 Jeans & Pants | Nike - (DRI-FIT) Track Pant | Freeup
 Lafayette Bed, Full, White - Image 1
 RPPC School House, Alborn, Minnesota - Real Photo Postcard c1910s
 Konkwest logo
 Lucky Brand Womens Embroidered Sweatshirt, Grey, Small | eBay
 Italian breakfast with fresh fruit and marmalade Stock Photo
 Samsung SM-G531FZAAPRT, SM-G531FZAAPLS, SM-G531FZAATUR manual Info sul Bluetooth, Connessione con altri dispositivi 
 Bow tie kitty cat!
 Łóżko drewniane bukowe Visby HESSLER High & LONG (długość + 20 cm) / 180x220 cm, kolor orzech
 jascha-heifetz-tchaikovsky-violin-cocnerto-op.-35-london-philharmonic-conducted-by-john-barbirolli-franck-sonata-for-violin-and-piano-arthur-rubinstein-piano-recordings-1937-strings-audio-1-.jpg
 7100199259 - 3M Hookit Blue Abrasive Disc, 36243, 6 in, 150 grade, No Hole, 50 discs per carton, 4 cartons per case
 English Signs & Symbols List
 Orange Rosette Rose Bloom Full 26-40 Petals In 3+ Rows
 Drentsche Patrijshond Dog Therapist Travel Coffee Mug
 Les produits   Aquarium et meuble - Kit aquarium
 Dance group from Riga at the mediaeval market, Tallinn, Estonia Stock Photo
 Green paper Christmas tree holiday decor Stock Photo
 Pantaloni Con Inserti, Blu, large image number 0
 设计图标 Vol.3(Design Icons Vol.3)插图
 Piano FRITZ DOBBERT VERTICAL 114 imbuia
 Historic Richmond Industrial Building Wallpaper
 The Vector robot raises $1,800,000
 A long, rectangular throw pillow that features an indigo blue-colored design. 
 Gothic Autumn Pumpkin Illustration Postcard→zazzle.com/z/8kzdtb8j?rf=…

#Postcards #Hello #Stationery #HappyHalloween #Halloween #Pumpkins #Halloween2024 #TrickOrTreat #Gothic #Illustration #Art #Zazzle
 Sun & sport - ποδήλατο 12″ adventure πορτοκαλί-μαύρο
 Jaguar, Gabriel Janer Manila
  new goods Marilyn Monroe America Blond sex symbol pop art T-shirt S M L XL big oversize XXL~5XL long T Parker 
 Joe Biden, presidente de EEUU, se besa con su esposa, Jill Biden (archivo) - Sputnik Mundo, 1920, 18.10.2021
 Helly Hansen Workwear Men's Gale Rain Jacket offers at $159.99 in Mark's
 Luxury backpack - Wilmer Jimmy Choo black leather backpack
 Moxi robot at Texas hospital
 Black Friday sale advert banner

^^^^^^^^

HOW TO COMPLETE THIS TASK:
Please return exactly the lines from the opening line of the data above through the line with "Gothic Autumn Pumpkin", both included and nothing else.

RESPONSE TO THIS EXERCISE:
 Jeans & Pants | Nike - (DRI-FIT) Track Pant | Freeup
 Lafayette Bed, Full, White - Image 1
 RPPC School House, Alborn, Minnesota - Real Photo Postcard c1910s
 Konkwest logo
 Lucky Brand Womens Embroidered Sweatshirt, Grey, Small | eBay
 Italian breakfast with fresh fruit and marmalade Stock Photo
 Samsung SM-G531FZAAPRT, SM-G531FZAAPLS, SM-G531FZAATUR manual Info sul Bluetooth, Connessione con altri dispositivi 
 Bow tie kitty cat!
 Łóżko drewniane bukowe Visby HESSLER High & LONG (długość + 20 cm) / 180x220 cm, kolor orzech
 jascha-heifetz-tchaikovsky-violin-cocnerto-op.-35-london-philharmonic-conducted-by-john-barbirolli-franck-sonata-for-violin-and-piano-arthur-rubinstein-piano-recordings-1937-strings-audio-1-.jpg
 7100199259 - 3M Hookit Blue Abrasive Disc, 36243, 6 in, 150 grade, No Hole, 50 discs per carton, 4 cartons per case
 English Signs & Symbols List
 Orange Rosette Rose Bloom Full 26-40 Petals In 3+ Rows
 Drentsche Patrijshond Dog Therapist Travel Coffee Mug
 Les produits   Aquarium et meuble - Kit aquarium
 Dance group from Riga at the mediaeval market, Tallinn, Estonia Stock Photo
 Green paper Christmas tree holiday decor Stock Photo
 Pantaloni Con Inserti, Blu, large image number 0
 设计图标 Vol.3(Design Icons Vol.3)插图
 Piano FRITZ DOBBERT VERTICAL 114 imbuia
 Historic Richmond Industrial Building Wallpaper
 The Vector robot raises $1,800,000
 A long, rectangular throw pillow that features an indigo blue-colored design. 
 Gothic Autumn Pumpkin Illustration Postcard→zazzle.com/z/8kzdtb8j?rf=…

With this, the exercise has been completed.